The said Civil Writ Petition 14058 of 2024 sought to quash clause 41(4) and 41 (5) of the Union Bank of India Pension Regulations, 1995 dated 29 09 1995 being contrary to the interests of the retired bank employees as the commuted amount of pension is being recovered in just 11 years and 2 months as per the interest rate formula but the same is continued to be recovered by the respondent bank till 15 years.

The said court had through its interim order directed the Union Bank of India to stay recovery of commutation amount from the petitioner & several others who have completed 10 years of retirement or above. The next date of hearing is posted for 21st August 2024.

Acting upon this judgment, the Union Bank of India came out with a letter to all the petitioners to this case on 29 06 2024, informing of stoppage of recovery and restoration of full pension. This is a welcome step, with a rider that the commuted pension released to these pensioners will be recovered depending upon the outcome of the final verdict. 

It is also a notable intervention by the All India Bank Retirees Federation as the organization sought with IBA vide their letter dated 08 07 2024 asking IBA to direct all the member banks to stop further recovery in all cases who have completed 10 or more years of retirement in compliance of general stay granted to all the pensioners who are covered under above referred group.

Bank retirees, who have opted for pension are eligible for commutation of pension up to 1/3rd of their basic pension.

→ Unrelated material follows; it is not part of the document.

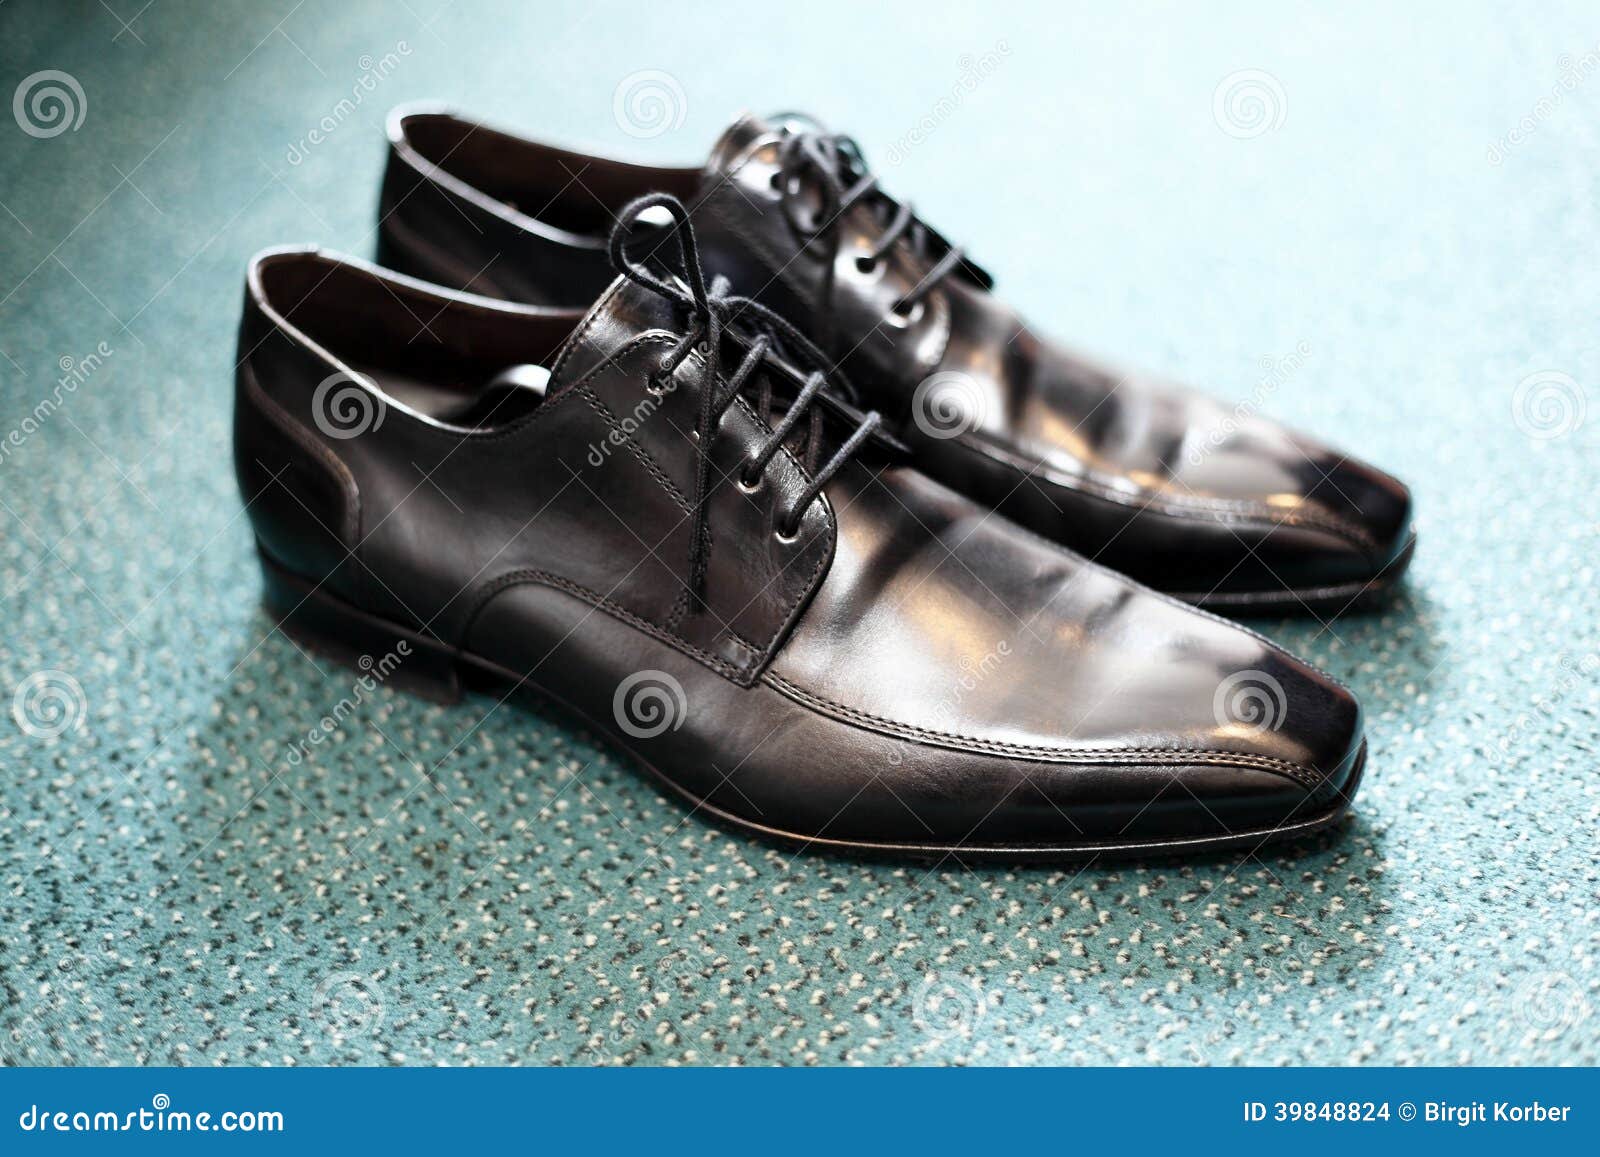 Black men shoes stock photo. Image of fixed, marry, marriage - 39848824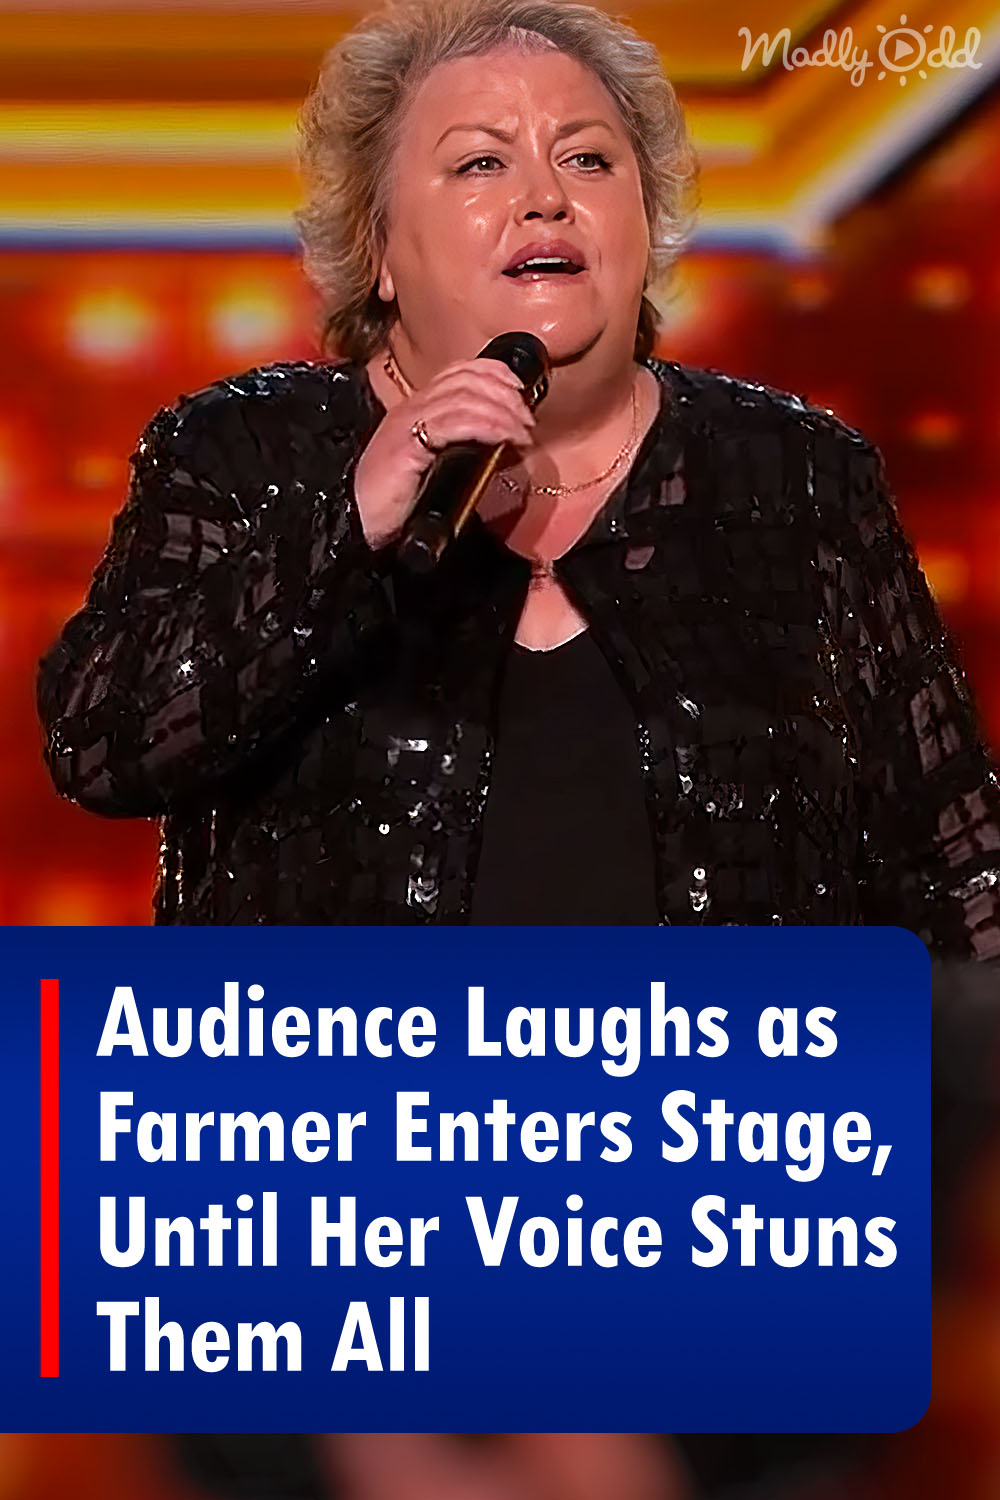 Audience Laughs as Farmer Enters Stage, Until Her Voice Stuns Them All

A mere calculation basing on today’s interest rate, would throw light on this subject that the recovery of commuted portion would end up in 11 years. There is no legal sanctity to recover the same beyond that period.

It is the expectation of the bank retirees that the UFBU intervenes expeditiously in this regard and finds a lasting solution so that there is no recovery of commuted pension amount beyond 11 years.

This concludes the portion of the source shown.